Culture At Large

The Christ-like intimacy of Richard Renaldi’s Touching Strangers

John Van Sloten

Richard Renaldi, a photographer in New York City, is creating foretastes of heaven on earth.

Renaldi is taking total strangers off the street and intimately posing them for a project he calls Touching Strangers.

His portraits are compelling. Two individuals who don’t even know each other appear to care for one another as they hold hands, embrace closely and look deeply into each other’s eyes. A man in his thirties wraps his arms around a woman in her nineties. A police officer holds a child. For brief moments, age, gender, race and socio-economic barriers seem to disappear.

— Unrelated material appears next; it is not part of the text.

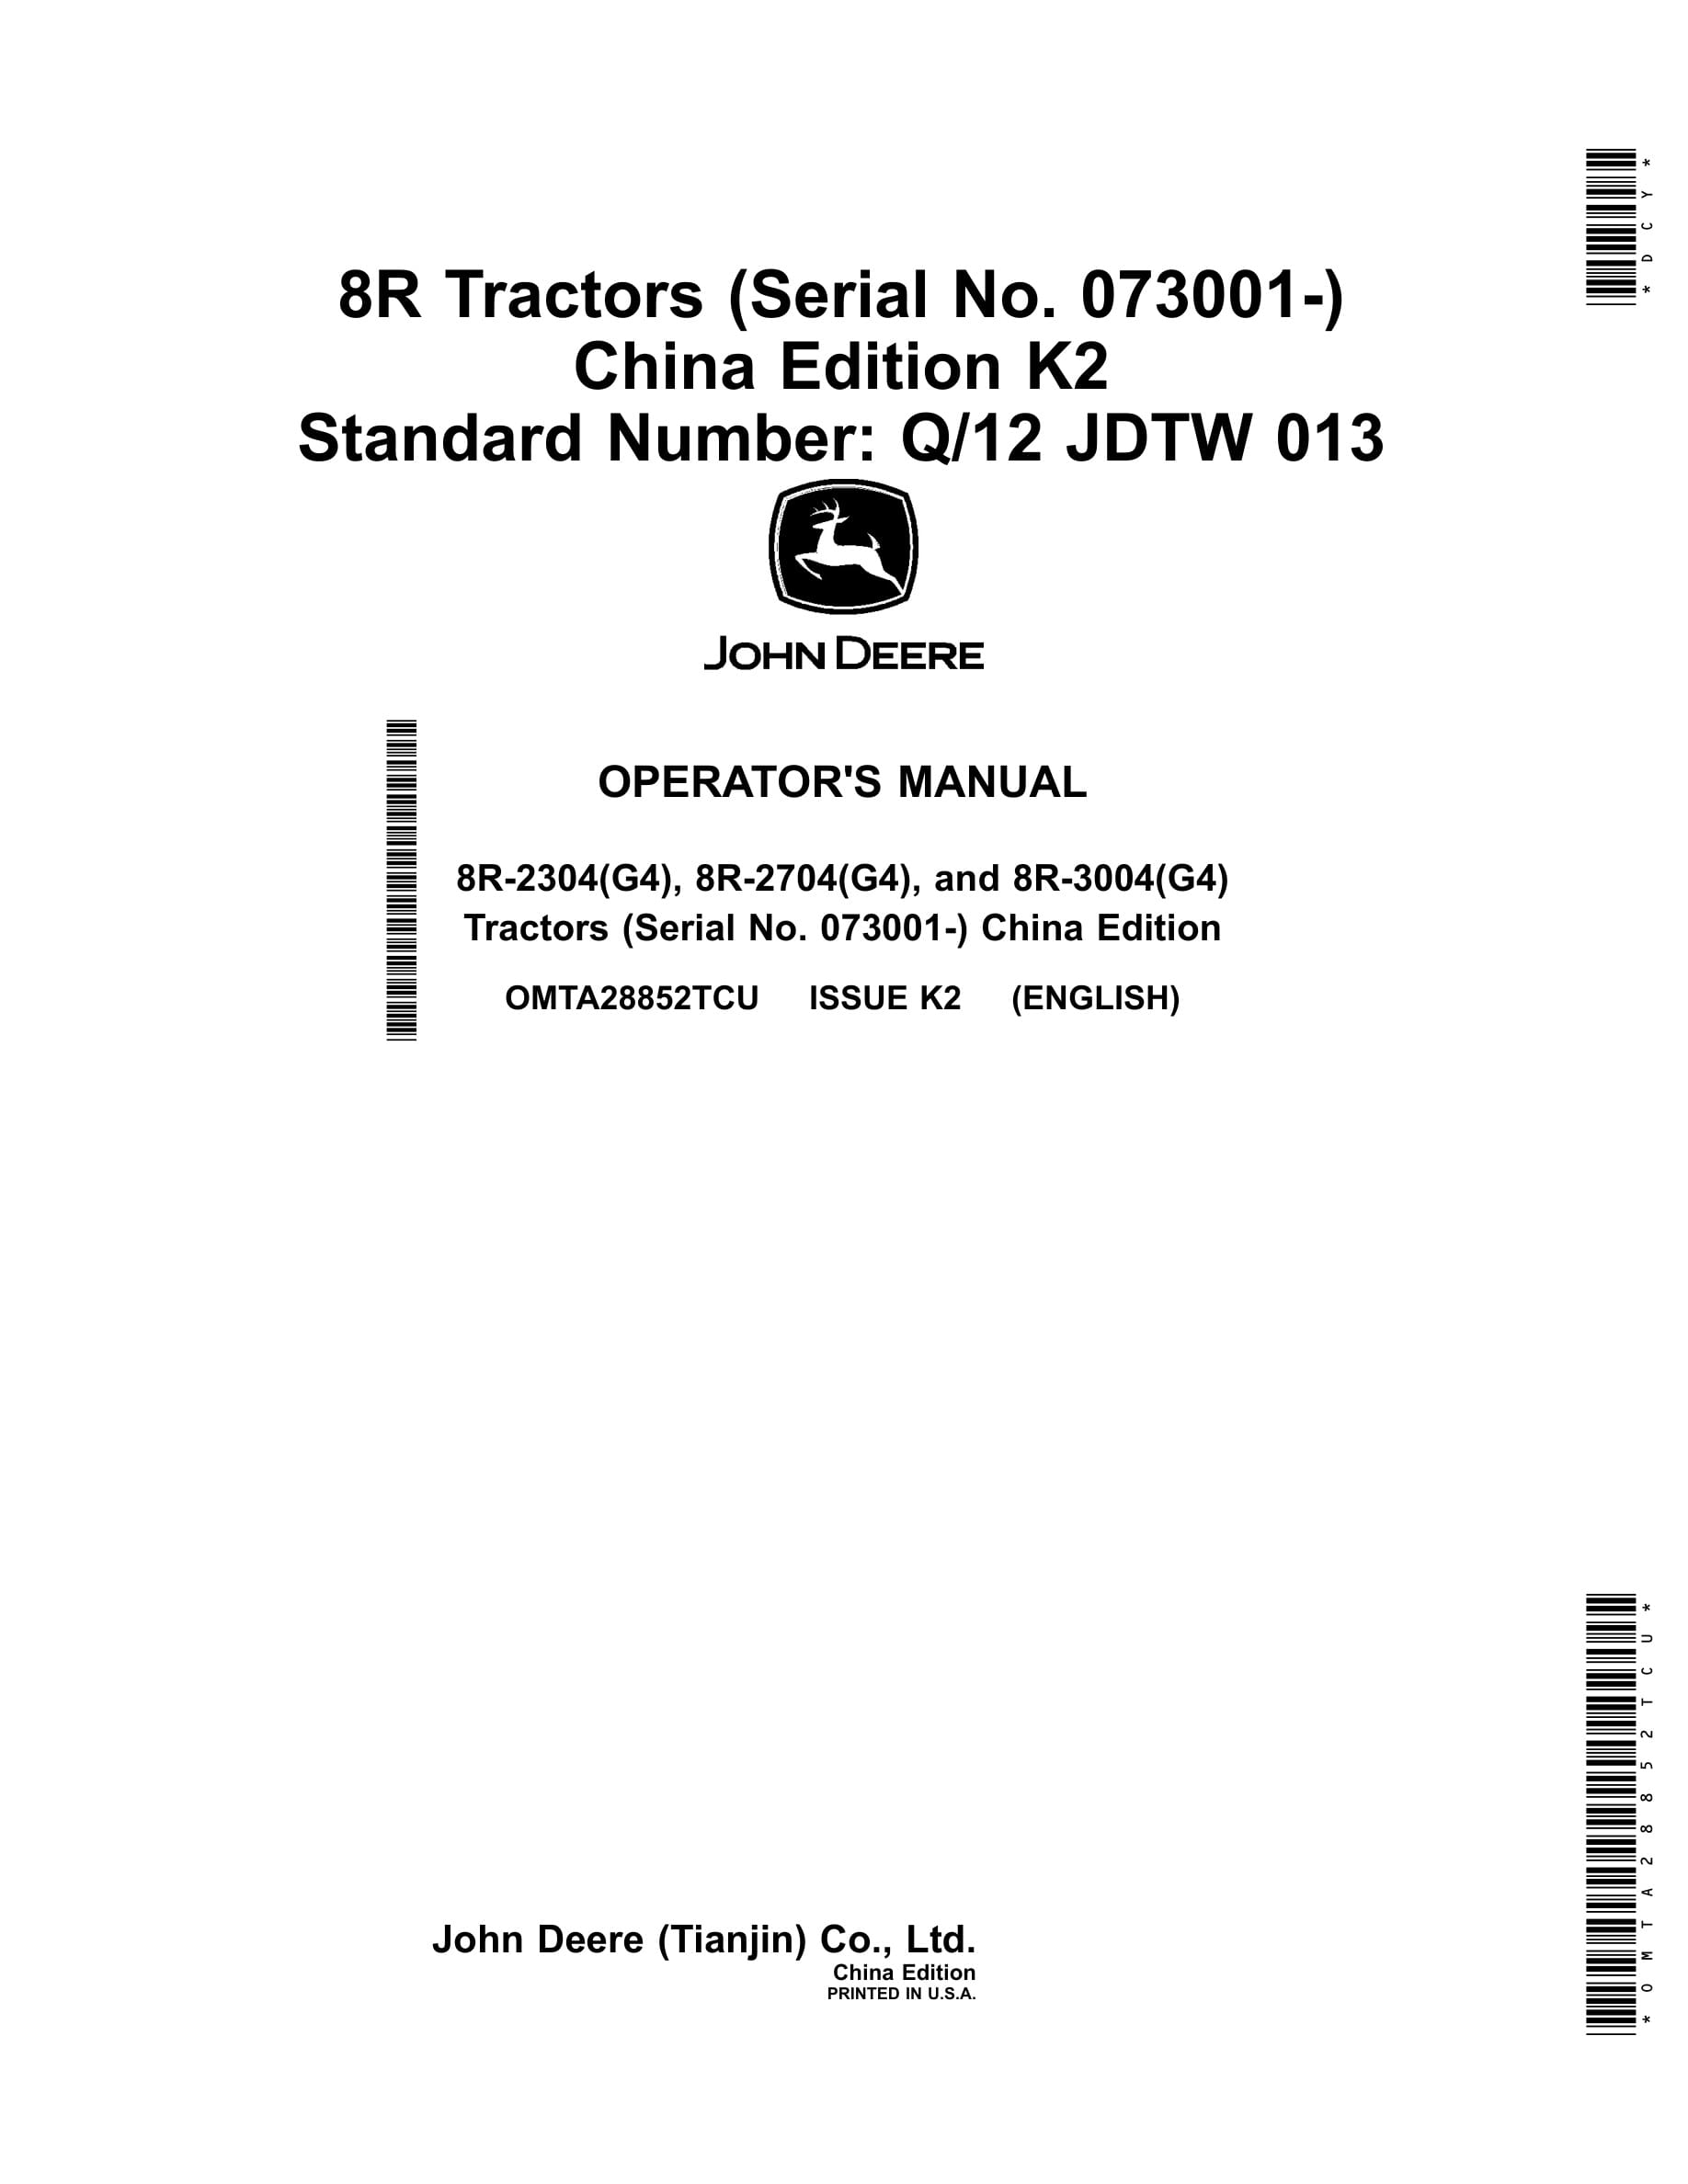 John Deere 8R-2304(G4), 8R-2704(G4), and 8R-3004(G4) Tractors Operator Manuals OMTA28852TCU-1

Of course, this photographer is artificially creating these poses, but as CBS reporter Steve Hartman discovered, something surprising happened to Renaldi’s subjects as they submitted to his artistic direction. Among their responses:

"I felt like I cared for her."

"I felt like it brought down a lot of barriers."

“It was a good feeling.”

“It was nice to feel that comfort.”

Really? After spending just a few moments touching a total stranger?

We’re not meant to be afraid of each other. Society was never meant to have so many boundaries.

As I watched the news story - first feeling the awkwardness and then experiencing the goodness of intimate human interaction regained - I felt a profound sense of rightness. We’re not meant to be afraid of each other. Society was never meant to have so many boundaries. Human beings are made to relate, to see each other, to make eye contact, to stop and talk and sometimes to even touch. And it seems that, even if this is artificially imposed upon us, even if it comes too soon or from an unknown source, our capacity to relate and even love is irrepressible. Put in the right position with another human being, we’ll care for them!

The touch that this photographer mediates is wonderfully disconcerting; hands on waists, across chests and near people’s faces. Leaning on each other or lifting another up.

In a recent tweet, Franciscan author and teacher Richard Rohr wrote, “I believe vulnerable intimacy is the entrance into and the linchpin between all human and divine love.” Rohr is imaging his Maker when he writes these words. In order to love us best, God chose to incarnate and take on eyes, a voice and hands. He let us hold Him as an infant. He touched our eyes. We physically leaned on Him.

Like this photographer, Jesus had the artistic vision to create the right context for intimacy. He too takes great joy in positioning us in ways that enable community to be restored. Jesus works to take away fear and lowers the walls of those willing to submit to His direction.

And sometimes He does His work through photographers. When we experience the goodness of Renaldi’s reconciling work, we’re actually witnessing the barrier dropping, world-restoring Spirit of Christ at work.

Hartman concludes his CBS story with a thoughtful observation about what he’d just witnessed. While his words were meant to reference Renaldi, they could just as easily be said of Jesus Christ: “He shows us humanity as it could be - as most of us wish it would be - and as it was, at least for this one fleeting moment in time.”